Your response should be an exact transcription of the data, images excluded.
━━━━━ Information shown
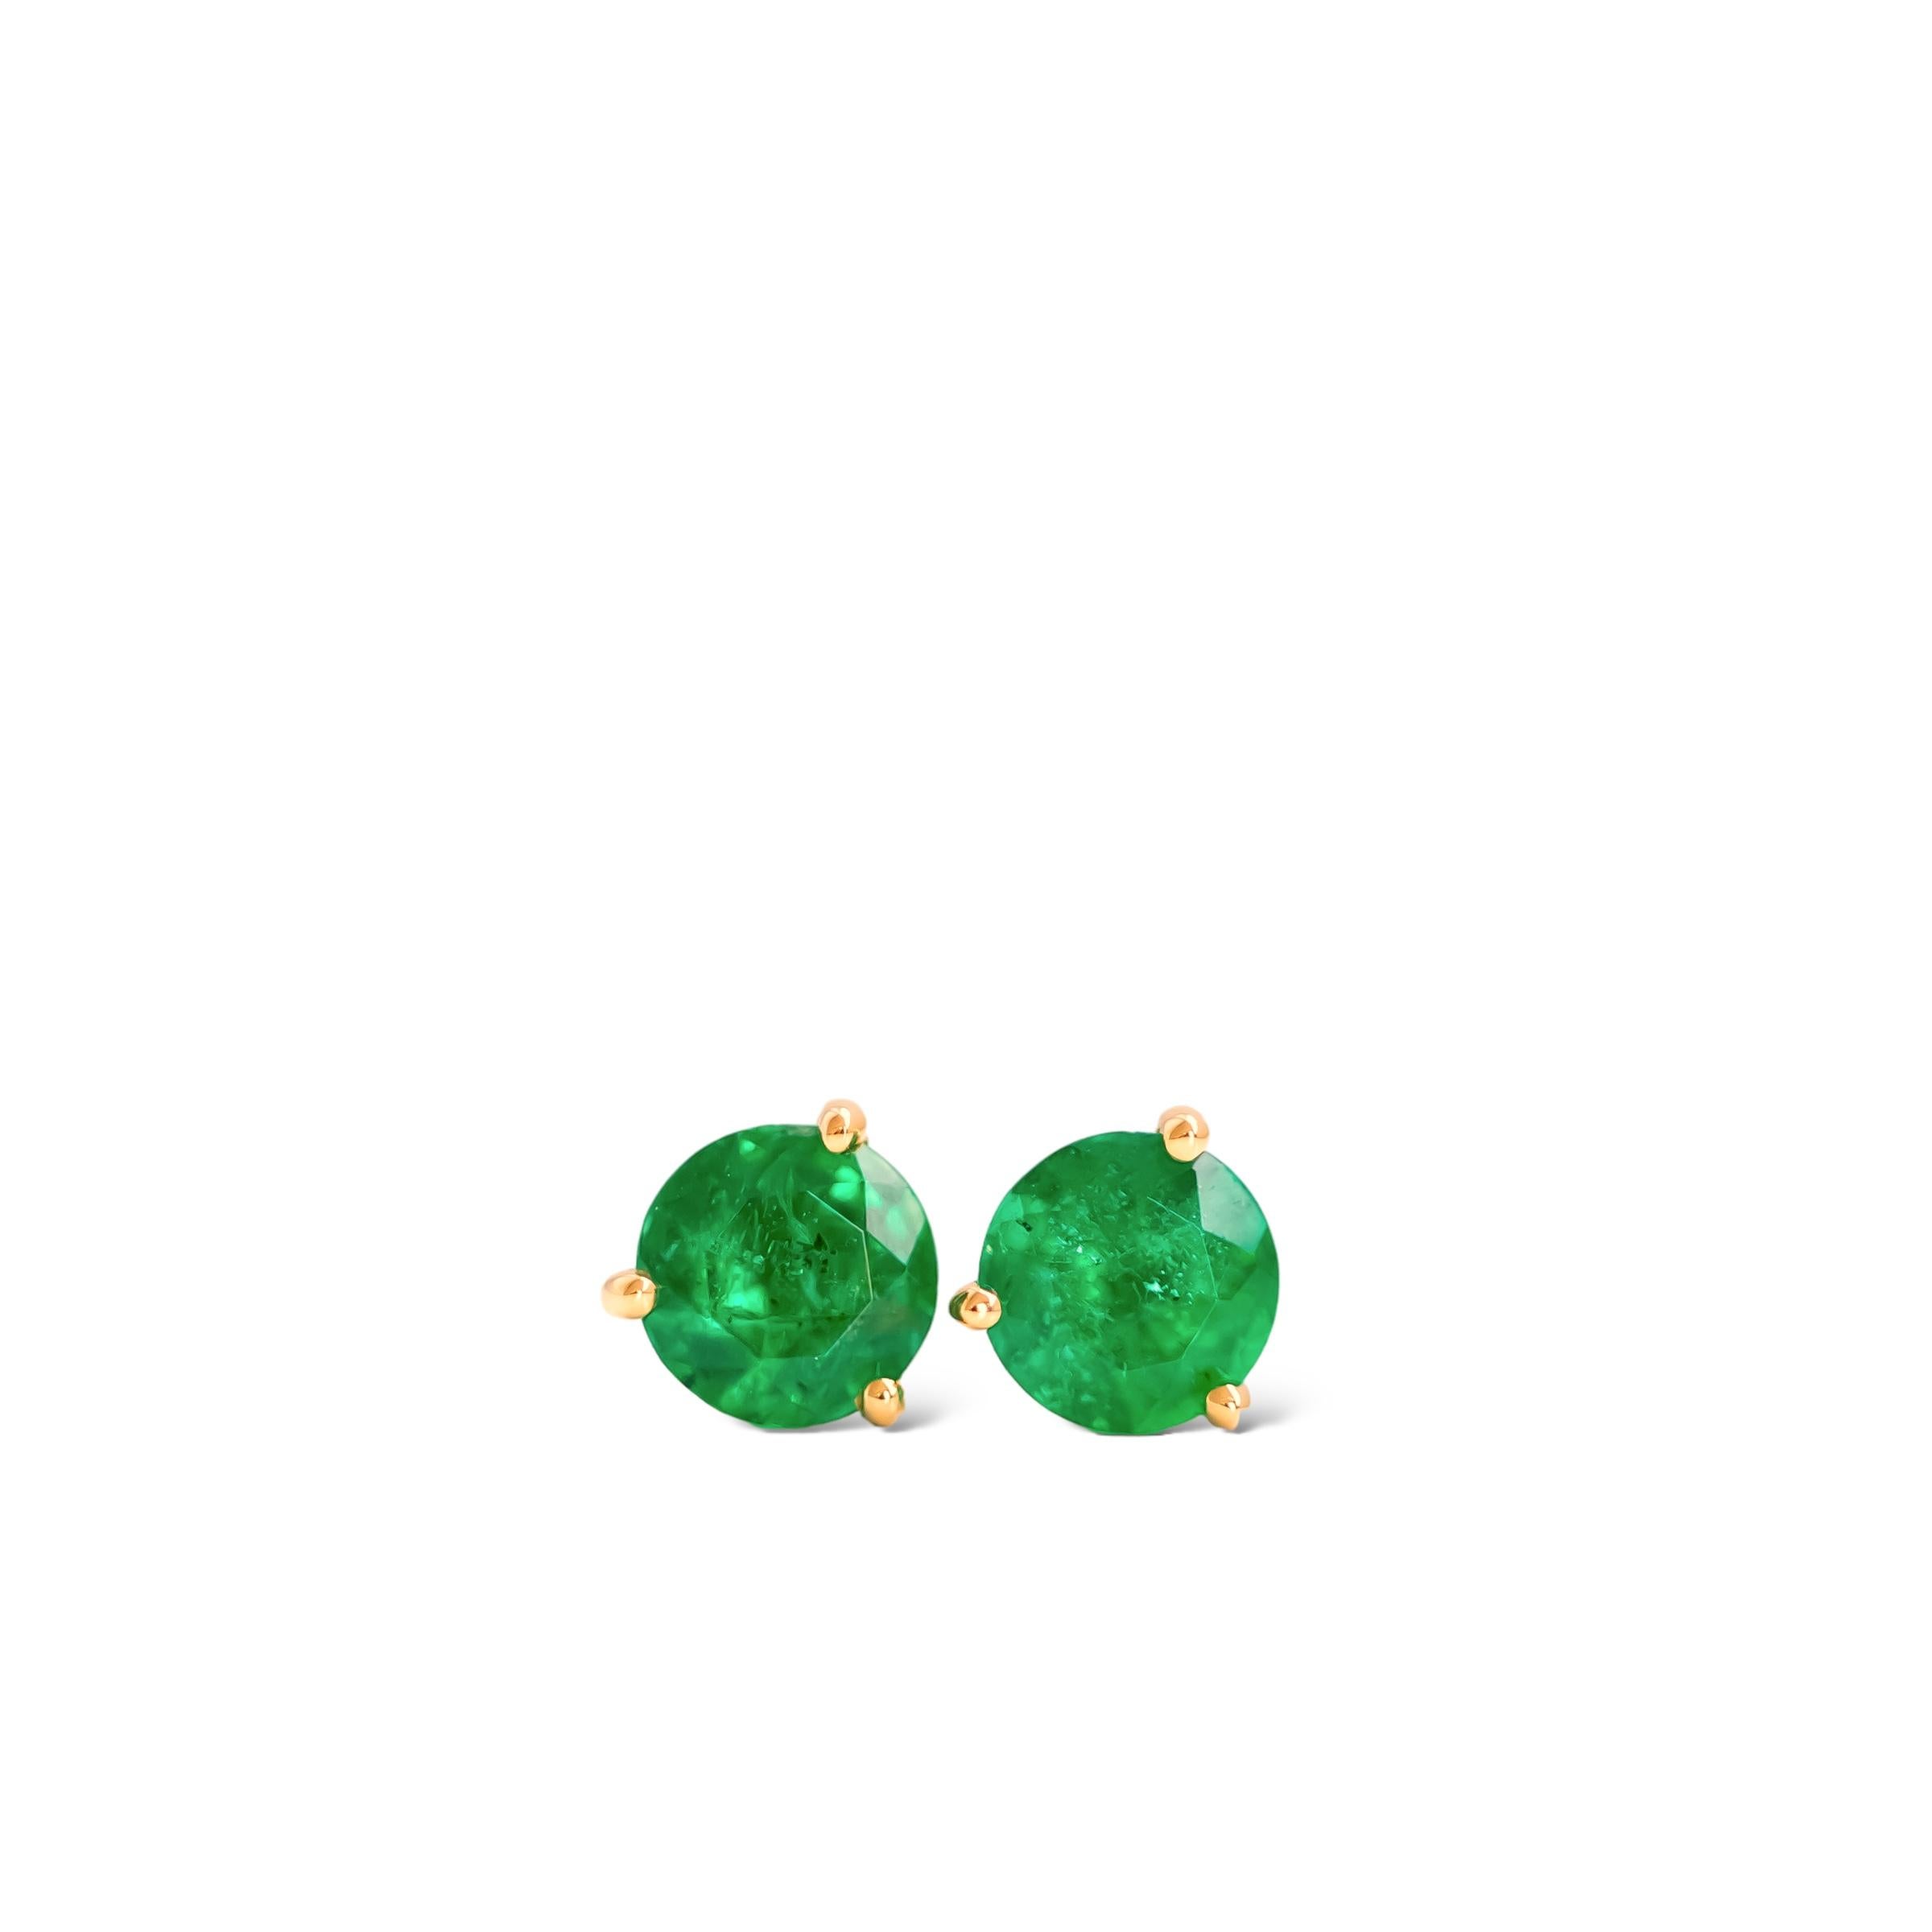 Superbes clous d'oreilles en émeraude verte ronde naturelle de 0,68ct sertis dans un luxueux or jaune 18k.

Ces magnifiques émeraudes parfaitement assorties proviennent de Zambie et mesurent 4,5 mm chacune. La couleur émeraude est un vert vif. Les
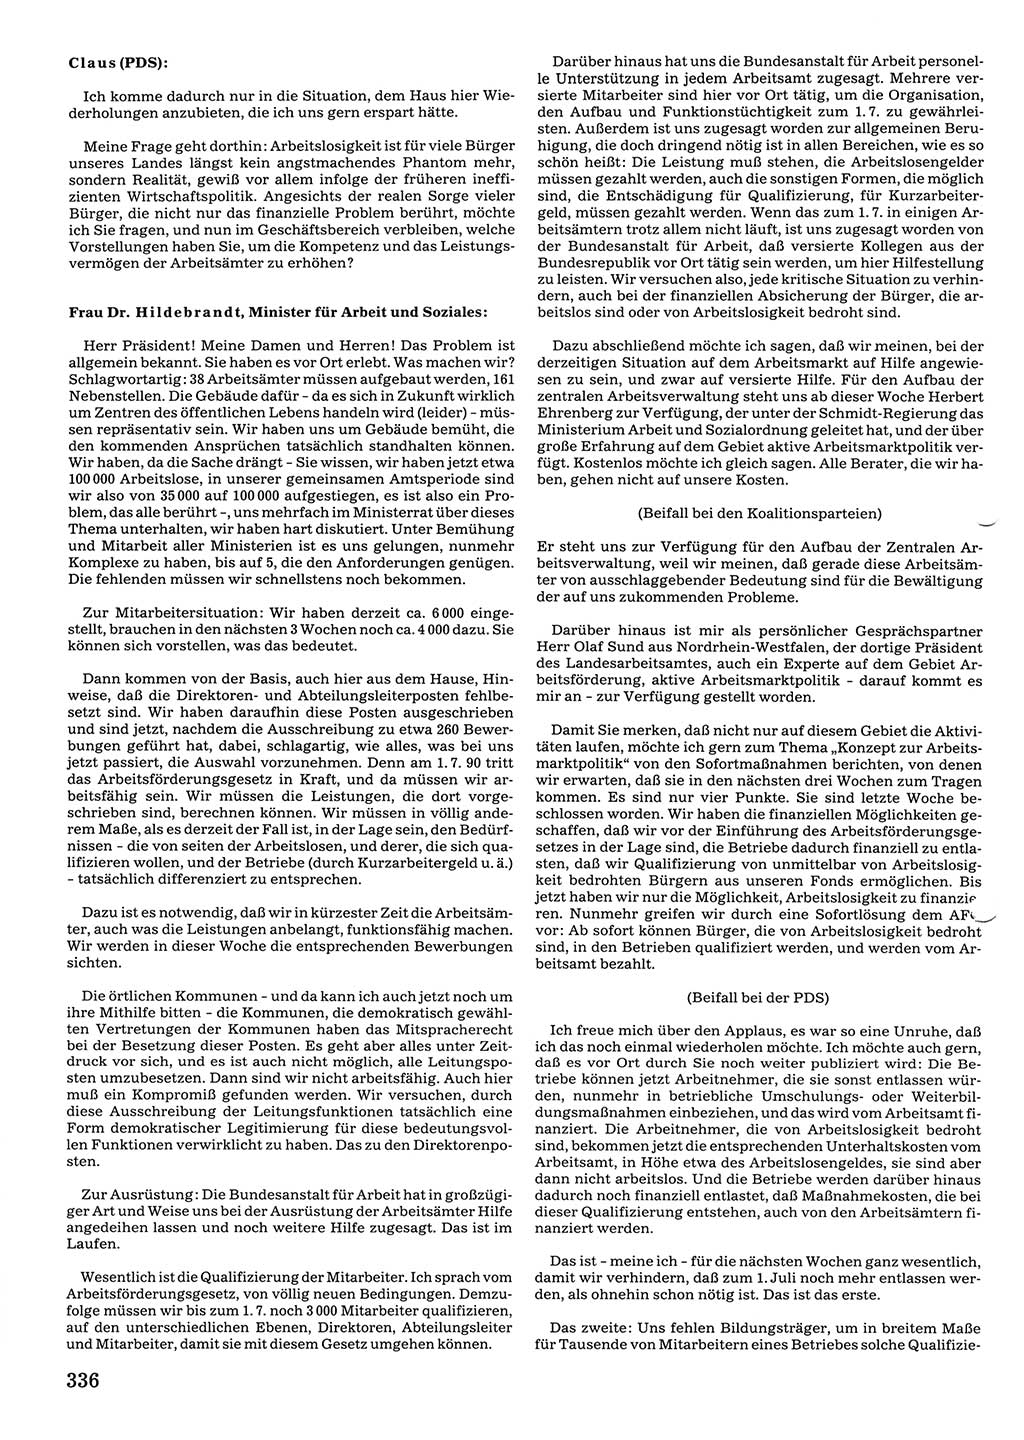 Tagungen der Volkskammer (VK) der Deutschen Demokratischen Republik (DDR), 10. Wahlperiode 1990, Seite 336 (VK. DDR 10. WP. 1990, Prot. Tg. 1-38, 5.4.-2.10.1990, S. 336)
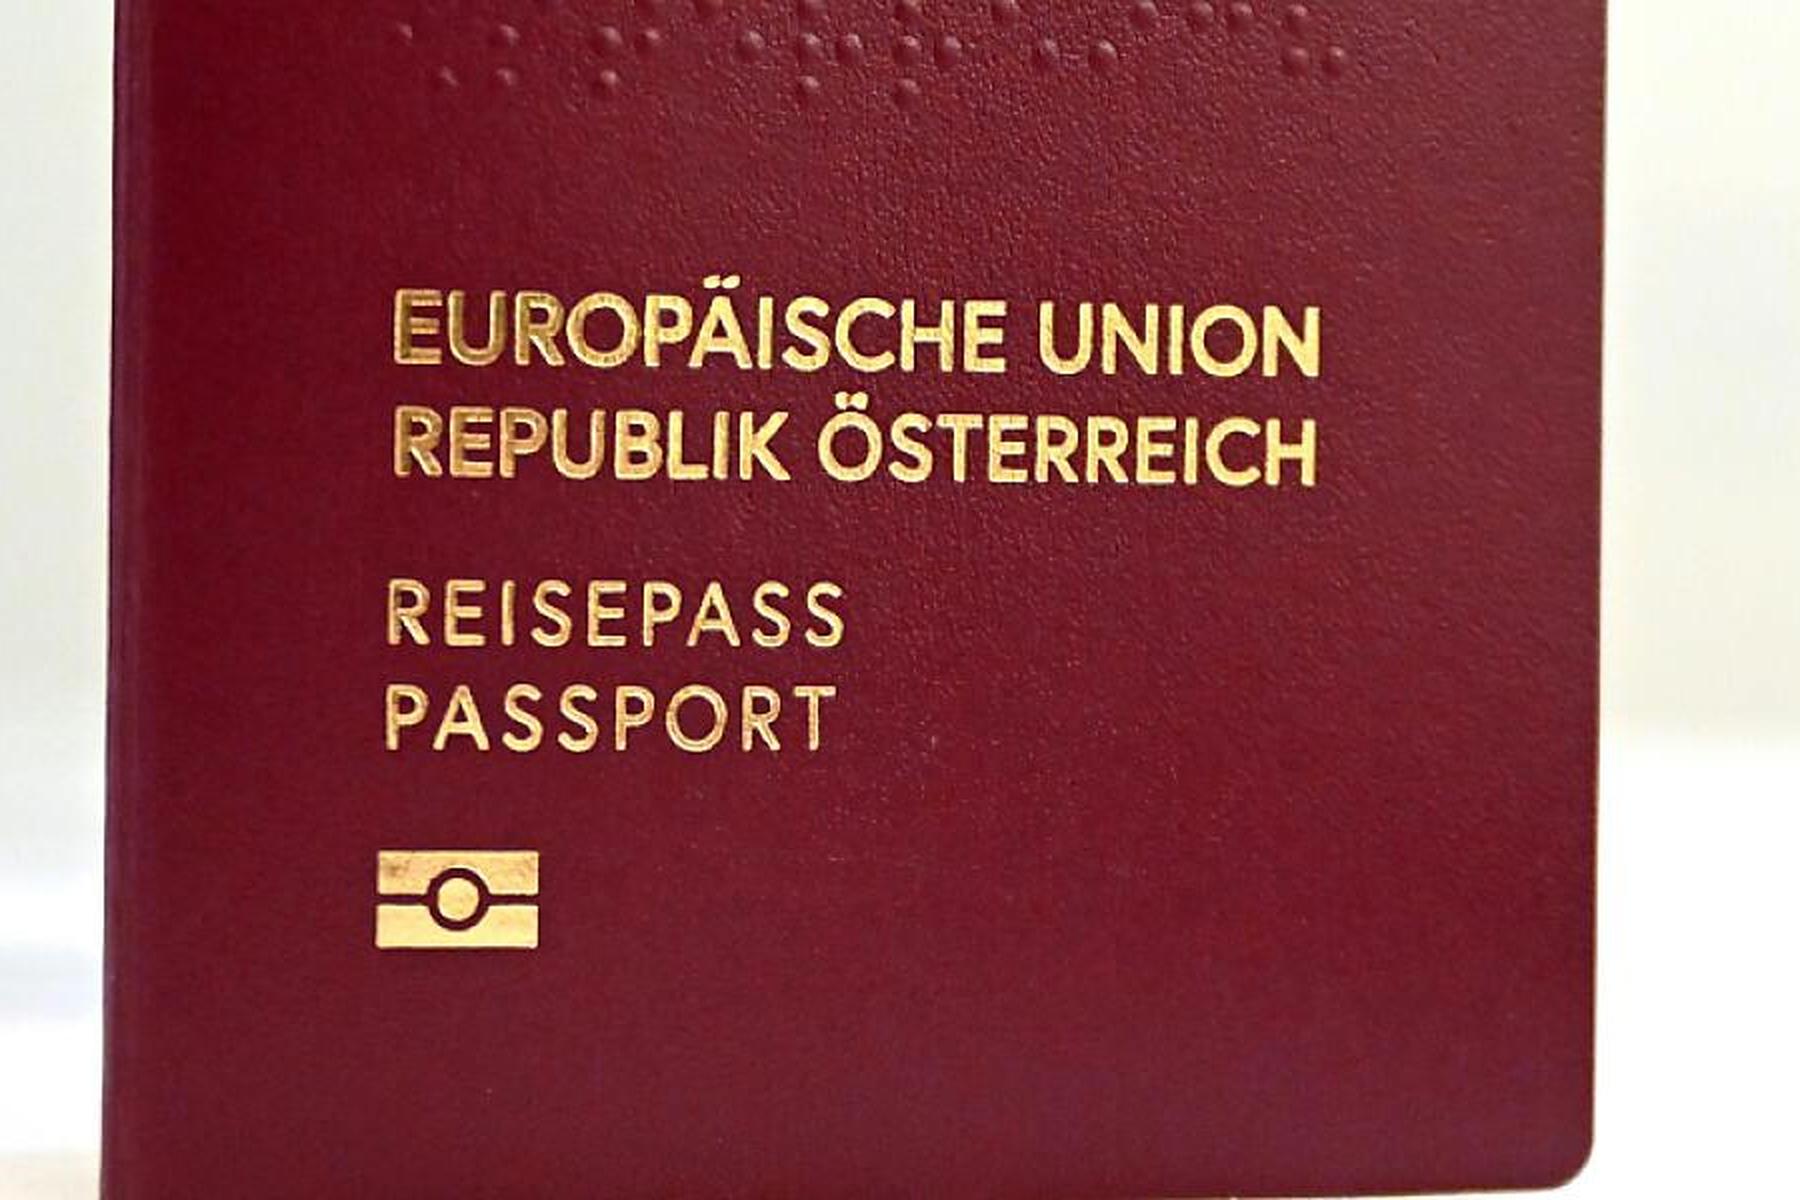 Wien: Reisepass und Führerschein werden nicht teurer
━━━━━━━━━━
■ Answer area ■
 Superbes clous d'oreilles en émeraude verte ronde naturelle de 0,68ct sertis dans un luxueux or jaune 18k.

Ces magnifiques émeraudes parfaitement assorties proviennent de Zambie et mesurent 4,5 mm chacune. La couleur émeraude est un vert vif. Les
 Tagungen der Volkskammer (VK) der Deutschen Demokratischen Republik (DDR), 10. Wahlperiode 1990, Seite 336 (VK. DDR 10. WP. 1990, Prot. Tg. 1-38, 5.4.-2.10.1990, S. 336)
 Wien: Reisepass und Führerschein werden nicht teurer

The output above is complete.